New numbers show Idaho’s unemployment rate hasn’t significantly improved in the last two years. The rate hasn’t been below 8 percent since August 2009. That means at least 60,000
Idahoans have been jobless since that time. Now, data from the Labor Department show while the number of people out of work hasn’t been as high as first thought, the rate hasn’t gone down much, either.
Explaining the Process
Calculating the state’s unemployment rate is a strange process. Each month, the U.S. Census Bureau talks with about 600 Idaho households to collect data on employment, salary and other demographic info. It’s called the Current Population Survey.
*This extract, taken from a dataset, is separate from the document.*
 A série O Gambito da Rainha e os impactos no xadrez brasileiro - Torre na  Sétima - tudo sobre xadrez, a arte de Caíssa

That information then goes to the Bureau of Labor Statistics and the Idaho Department of Labor for data analysts to estimate how many people in Idaho are out of work. Those monthly figures are always estimates and once a year the data gets a second look.
An analyst in Idaho works with the Bureau of Labor Statistics to smooth the monthly numbers, making them as accurate as possible. The monthly estimates collected over the course of the year get plugged into complicated algorithms and the end result is new, more accurate jobless data. This entire process is dubbed “benchmarking.”
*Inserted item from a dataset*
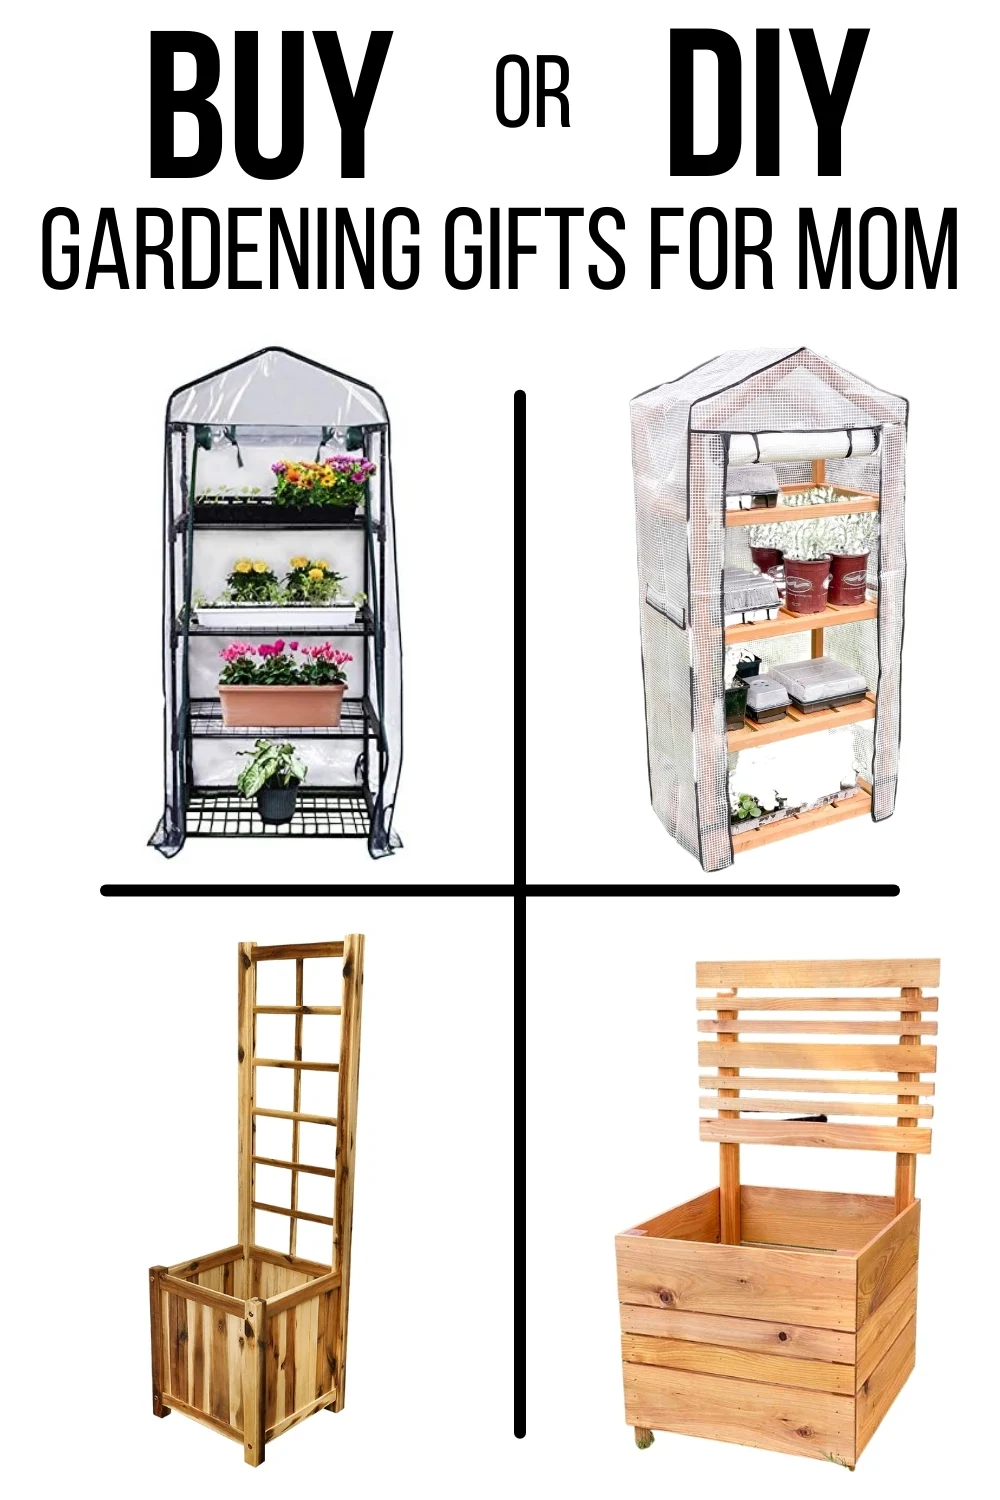 DIY Gardening Gift Ideas for Mom - FineGardening
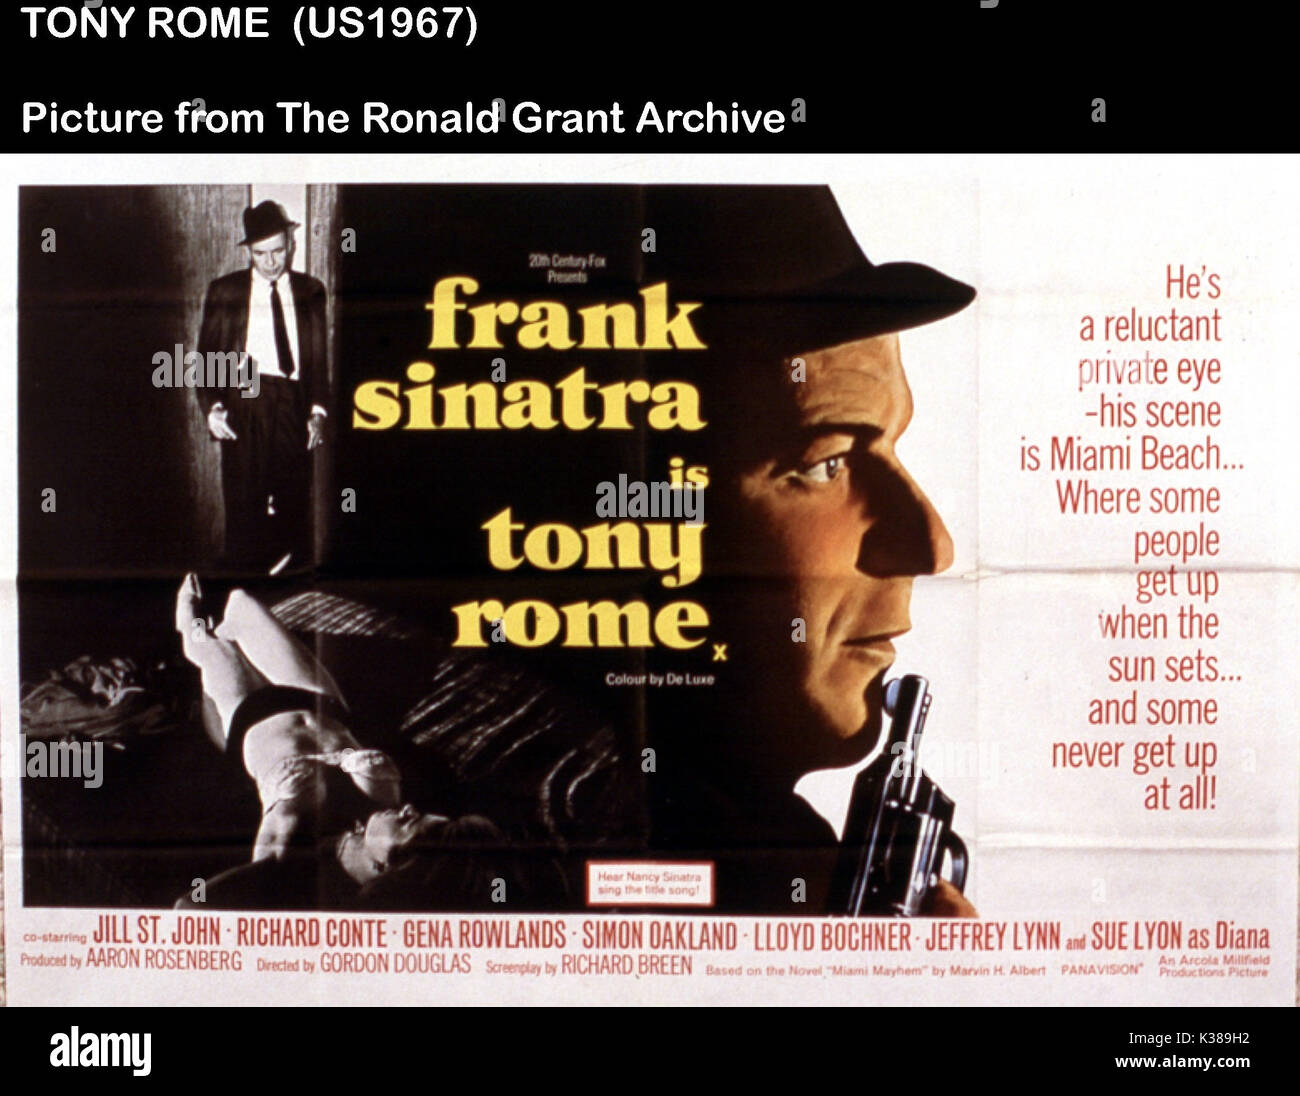 TONY ROME      Date: 1967 Stock Photo

Bob Uhlenkott is the chief researcher at the Idaho Department of Labor. He says most of the time, the benchmarking process flattens out the extremes. But this time around, the 2010 and 2011 data changed more drastically than Uhlenkott would have predicted.
For example, the department estimated Idaho’s unemployment rate peaked at 9.7 percent in December 2010, but the recently benchmarked data shows the jobless rate never hit 9 percent. The revised December 2010 jobless rate is actually 8.9 percent.
Uhlenkott says the wide swing is likely due to updated Census population estimates. There are now more people living in Idaho, thus a larger workforce, and that data is just now catching up to unemployment collection methods.
Uhlenkott says revised data tells him a couple of things. There weren’t as many people out of work as we thought BUT, the jobless rate hasn’t really changed in the last two years, up or down. And stagnation can be just as scary.
We’ve been tracking Idaho’s unemployment rate over the last six months through our series Jobless in Idaho and our app Work in Progress. You’ll notice the data on the app will change toward the end of March when the state completes its benchmarking process.